A Look At Teva's Paragard IUD Asset Sale To Cooper Companies, From Both Sides

Teva Pharmaceutical Industries Ltd (ADR) (NYSE: TEVA) said Tuesday it has agreed to sell its Paragard IUD product to Cooper Companies Inc (NYSE: COO) in a $1.1 billion cash deal. Teva also confirmed it will continue divesting the remaining assets it holds within the women's health portfolio along with its oncology and pain relief businesses in Europe.

UBS: Teva Got A 'Good Price'

Teva's investors should be positive on the deal, as Teva got a good price for its asset sale, and the proceeds will be allocated toward lowering Teva's debt load, which remains a "significant overhang," UBS's Marc Goodman commented in a research report.

Teva sold its asset at an implied valuation of 6.5x sales, which is a "good price" for a long-duration asset, the analyst noted. In fact, the price tag is a premium to prior deals in the pharmaceutical space, including Mallinckrodt's acquisition of Acthar at 5.5x sales and 5.8x sales for Ikaria (Inomax).

The analyst maintains a Neutral rating on Teva's stock with an unchanged $19 price target (see Goodman's track record here).

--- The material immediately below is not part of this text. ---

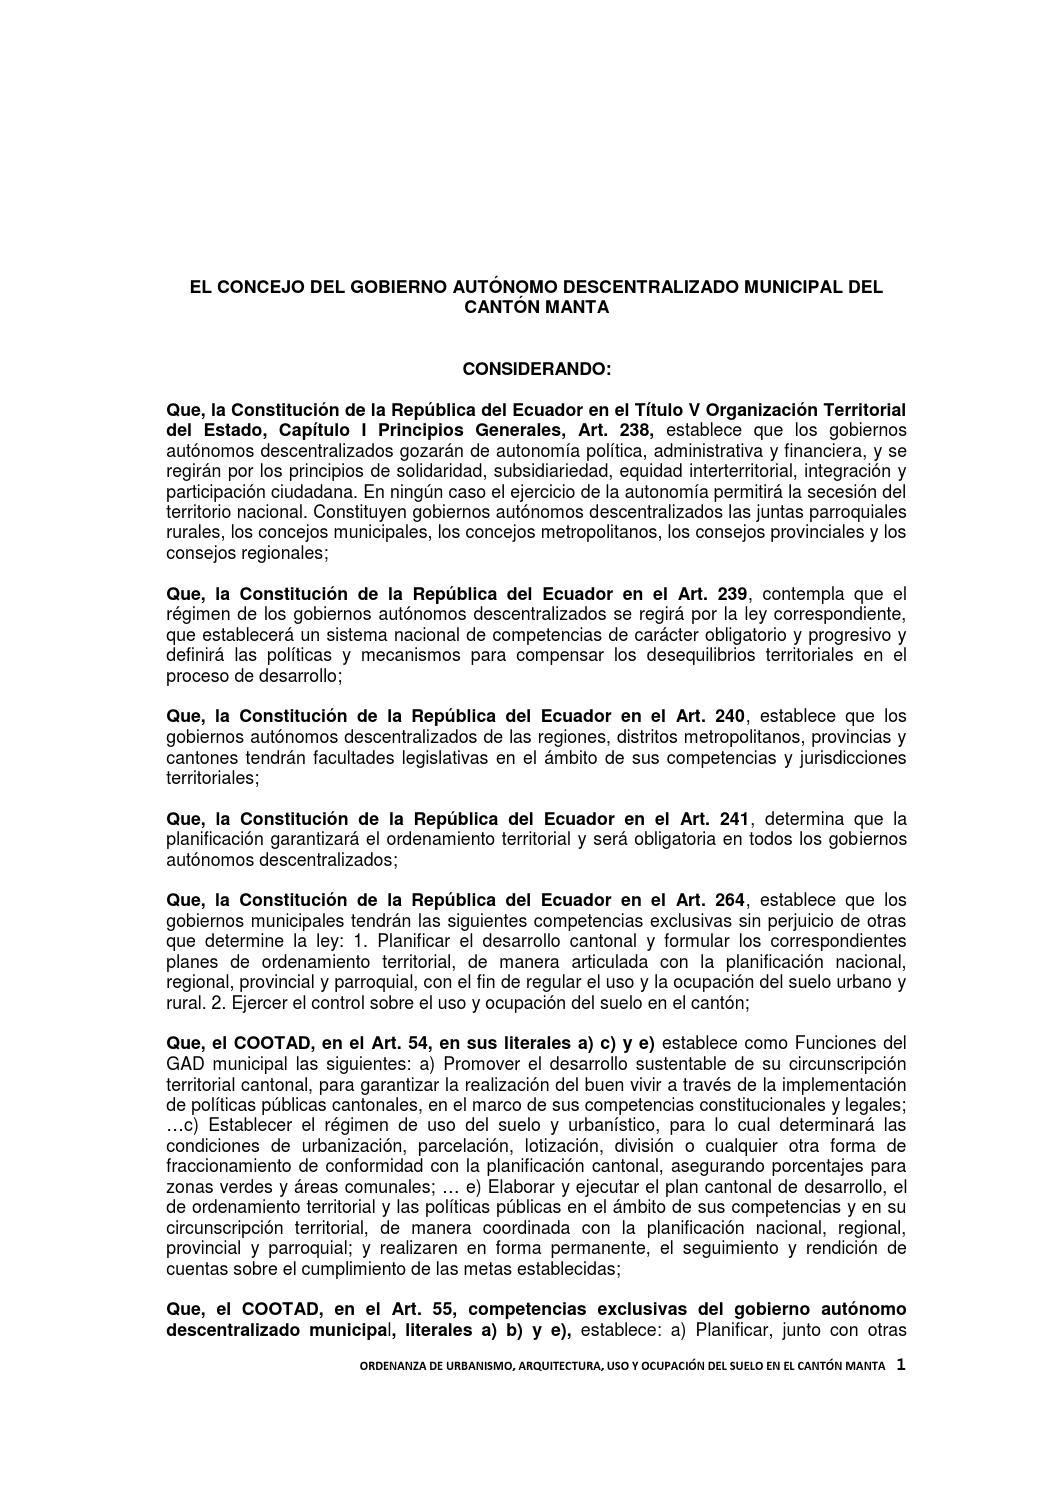 Ordenanza normas de urbanismo y arquitectura by ccpd manta - Permisos para construir una casa ...

Related Link: New 5-Year Contraceptive Coming To U.S. Adds To Long-Acting Reversible Contraceptives List

Baird: Positive For Cooper

There are many investors who aren't satisfied with Cooper's expansion efforts within the women's health sector but the agreement with Teva has several positive attributes that shouldn't be overlooked, Baird Equity Research's Jeff Johnson commented in a research report.

Perhaps most notably, Paragard's revenue has been growing at a mid-single-digit rate in recent years but with slightly lower unit growth and positive pricing, the analyst noted. But at the same time, the product's gross and operating margins of approximately 90 percent and 60 percent, respectively, are "well above" medtech norms.

In addition, reimbursements for Paragard is "broad and well established" across both commercial and government payers while any notable competition is a few years away with a possible entrant in 2021.

Finally, the deal with Teva calls for no change to the manufacturing process, and there is limited sales force integration risk as well.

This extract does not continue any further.